Restate the data below word for word. Skip any images it contains.
==== COLLECTED MATERIAL ====
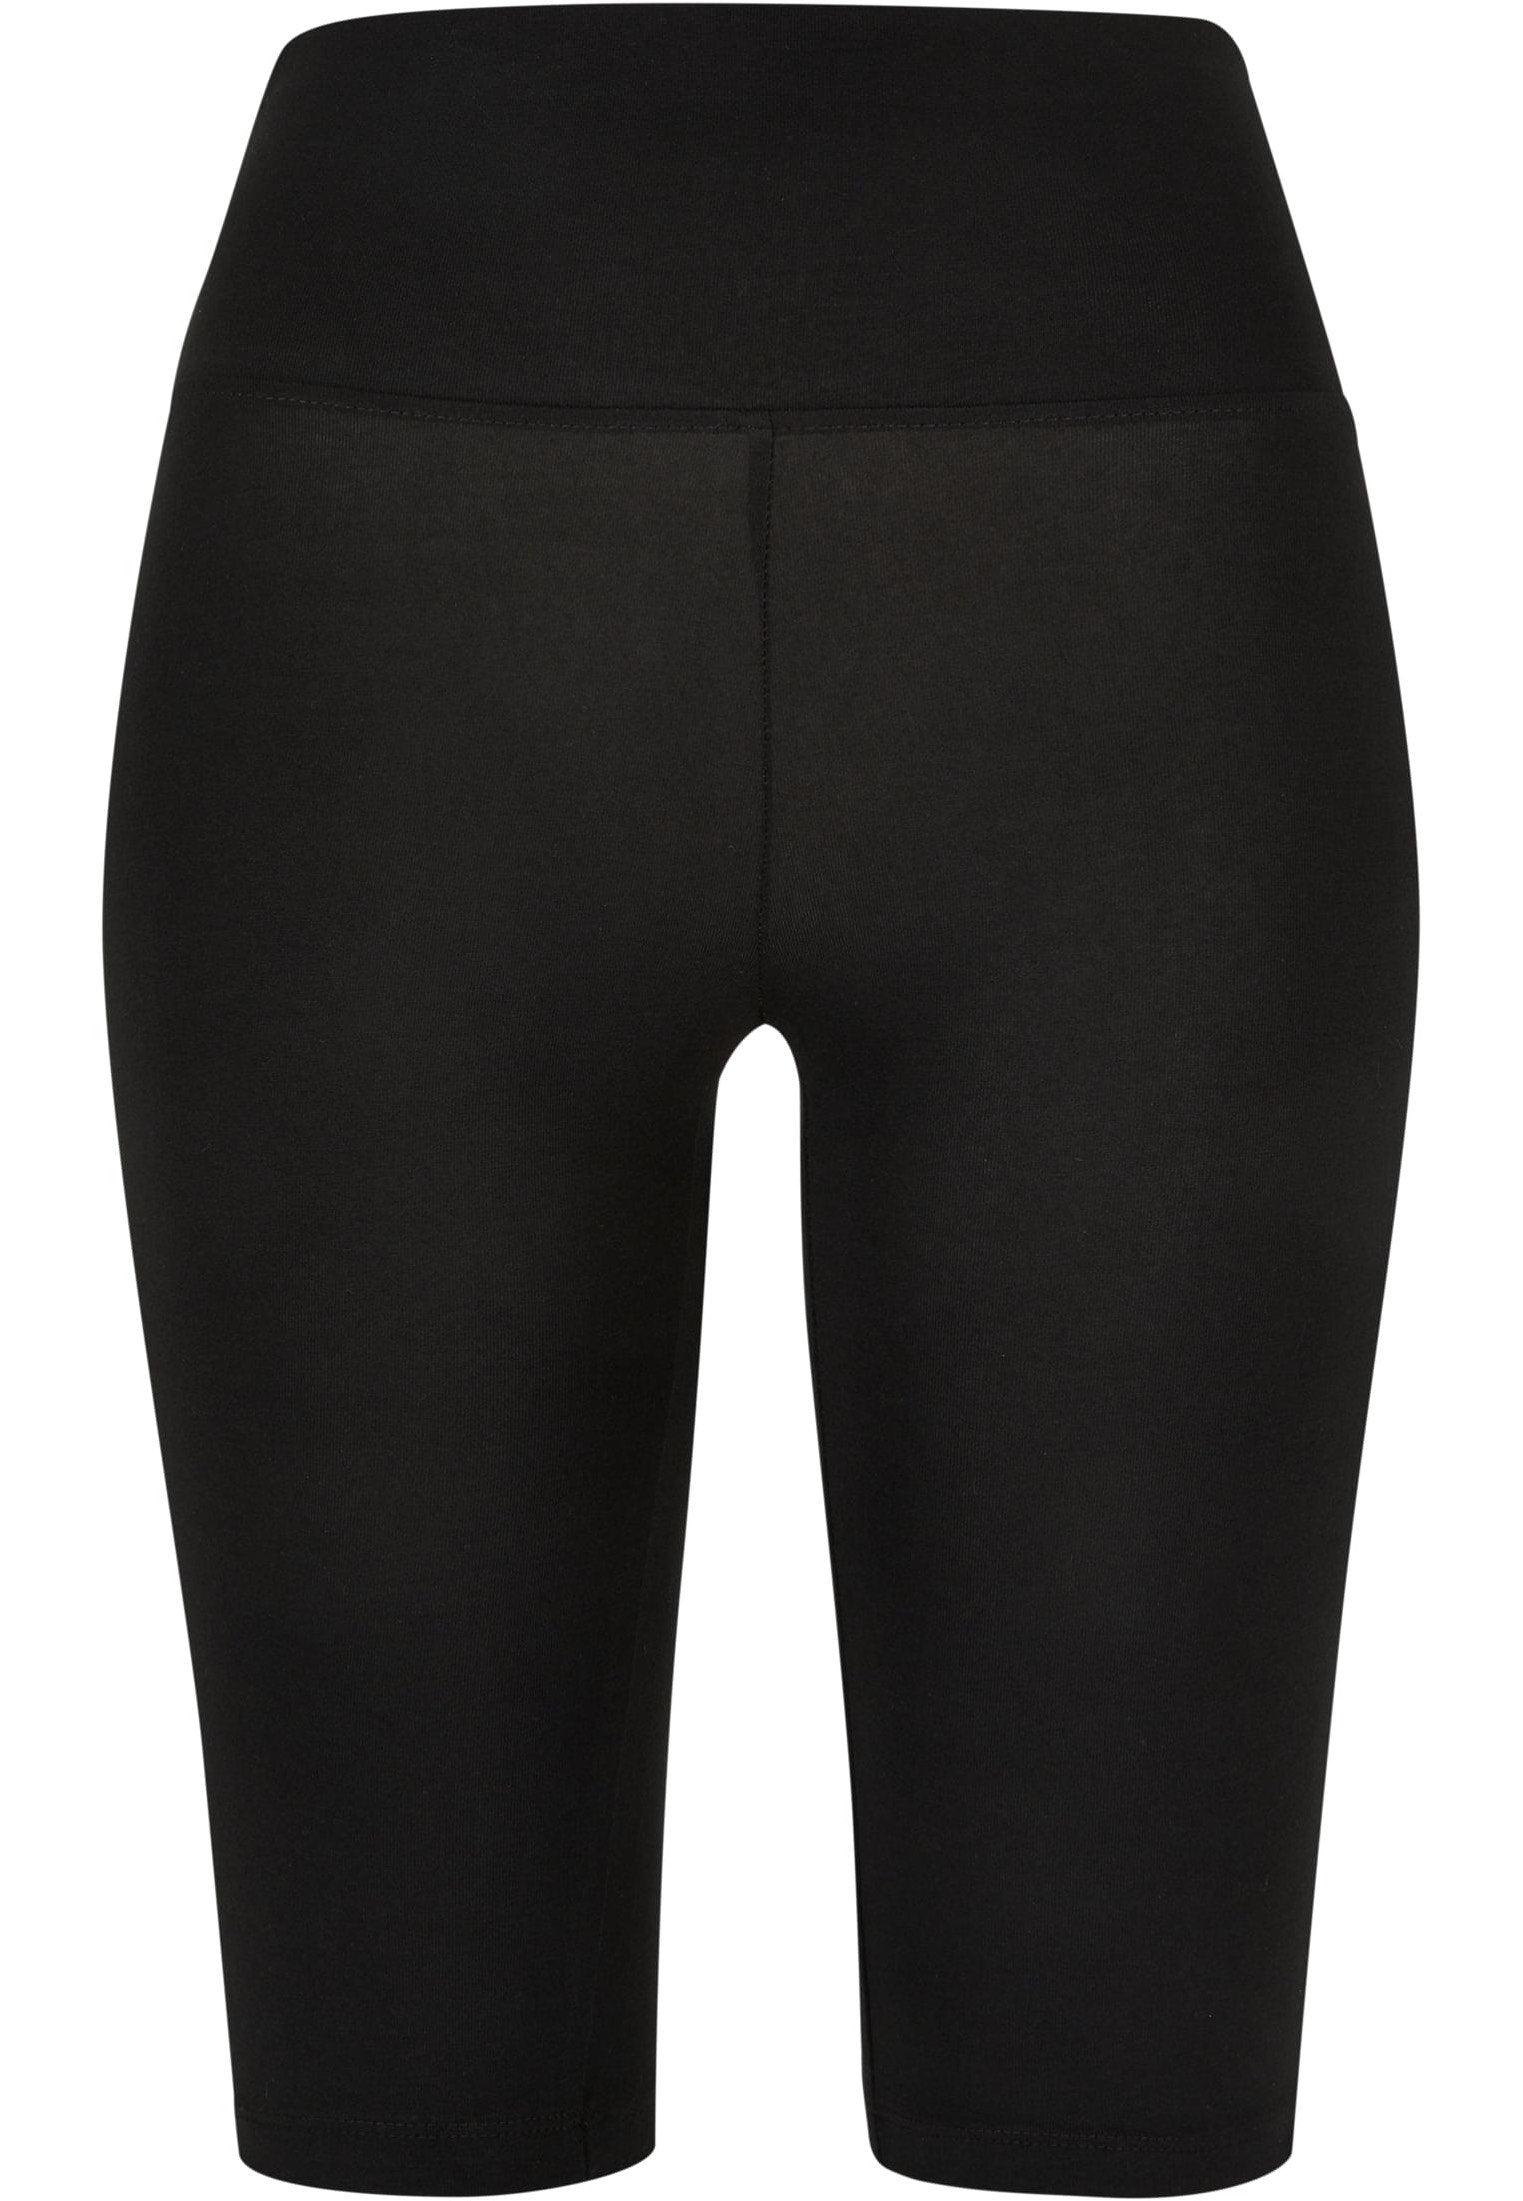 Urban Classics - Ladies Organic Stretch Jersey Cycle Black - Shorts
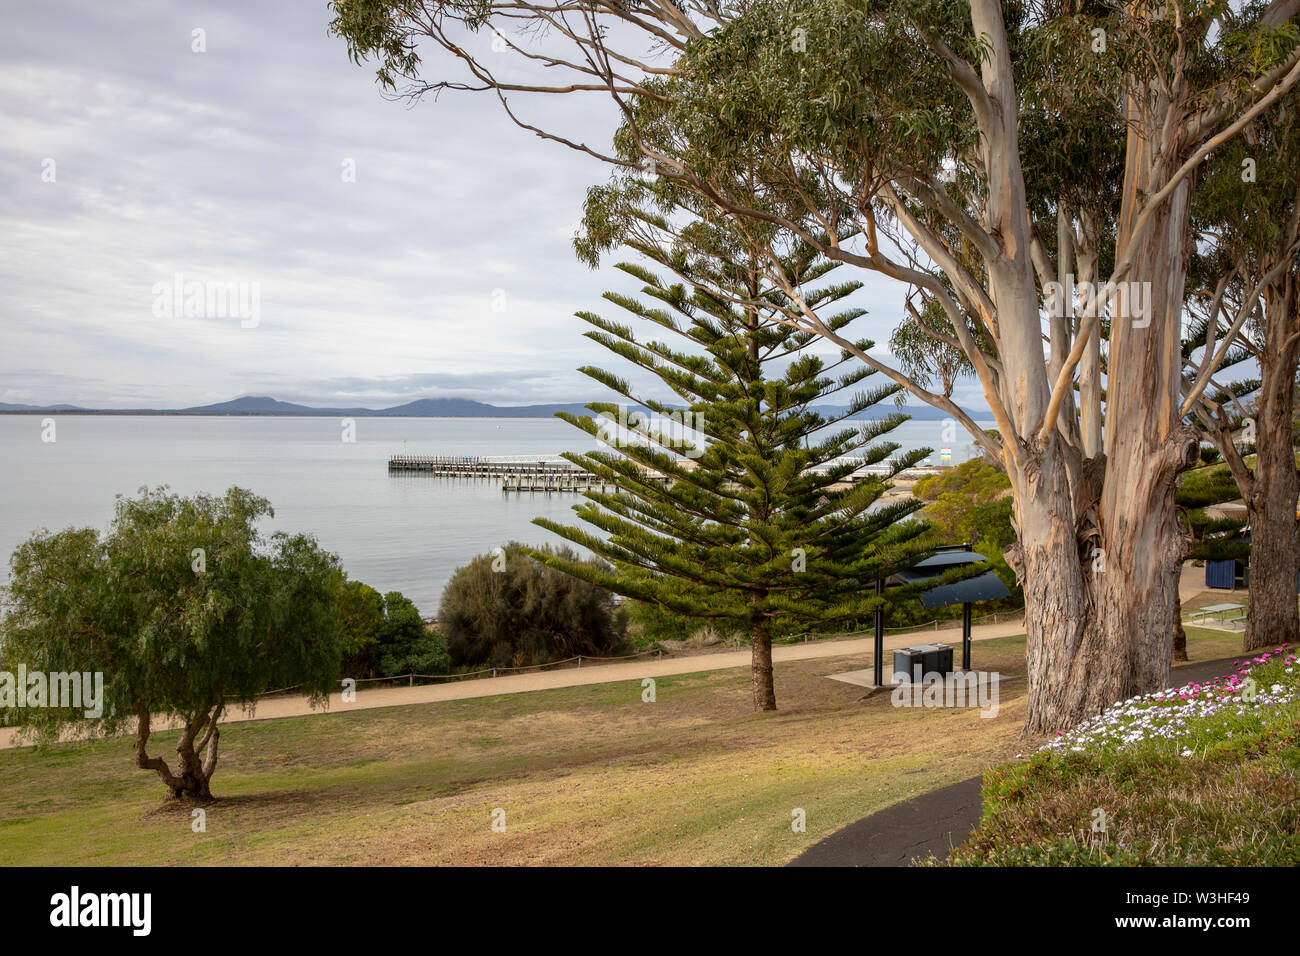 Town of Swansea on the east coast of Tasmania and view of Great Oyster Bay,Tasmania,Australlia Stock Photo
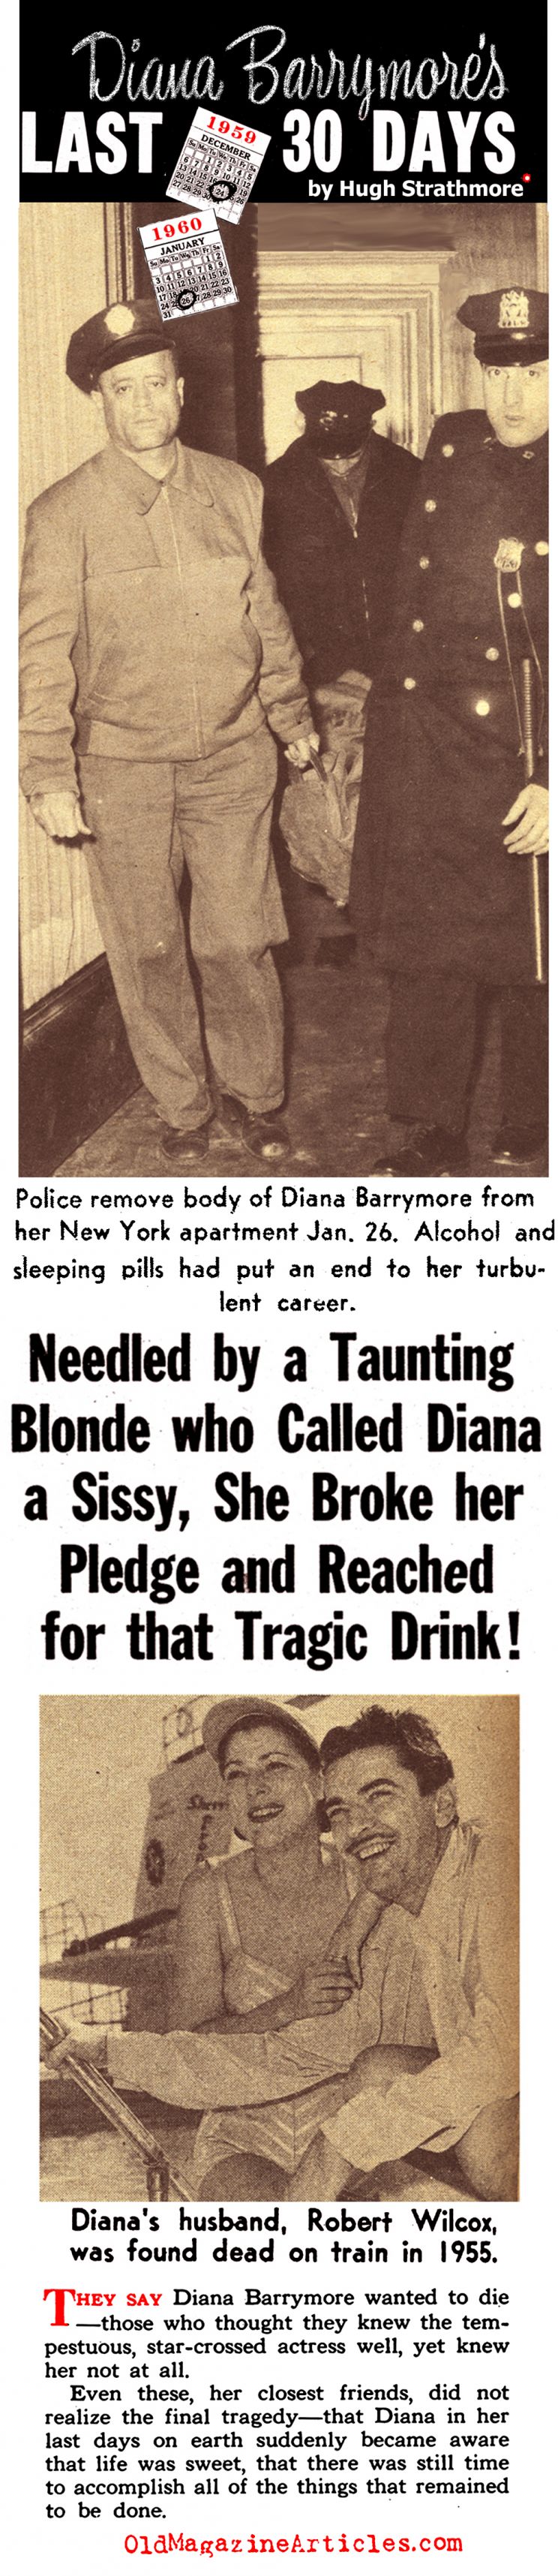 Diana Barrymore
====
• [PROBLEM SOLUTION]:
 Urban Classics - Ladies Organic Stretch Jersey Cycle Black - Shorts
 Town of Swansea on the east coast of Tasmania and view of Great Oyster Bay,Tasmania,Australlia Stock Photo
 Diana Barrymore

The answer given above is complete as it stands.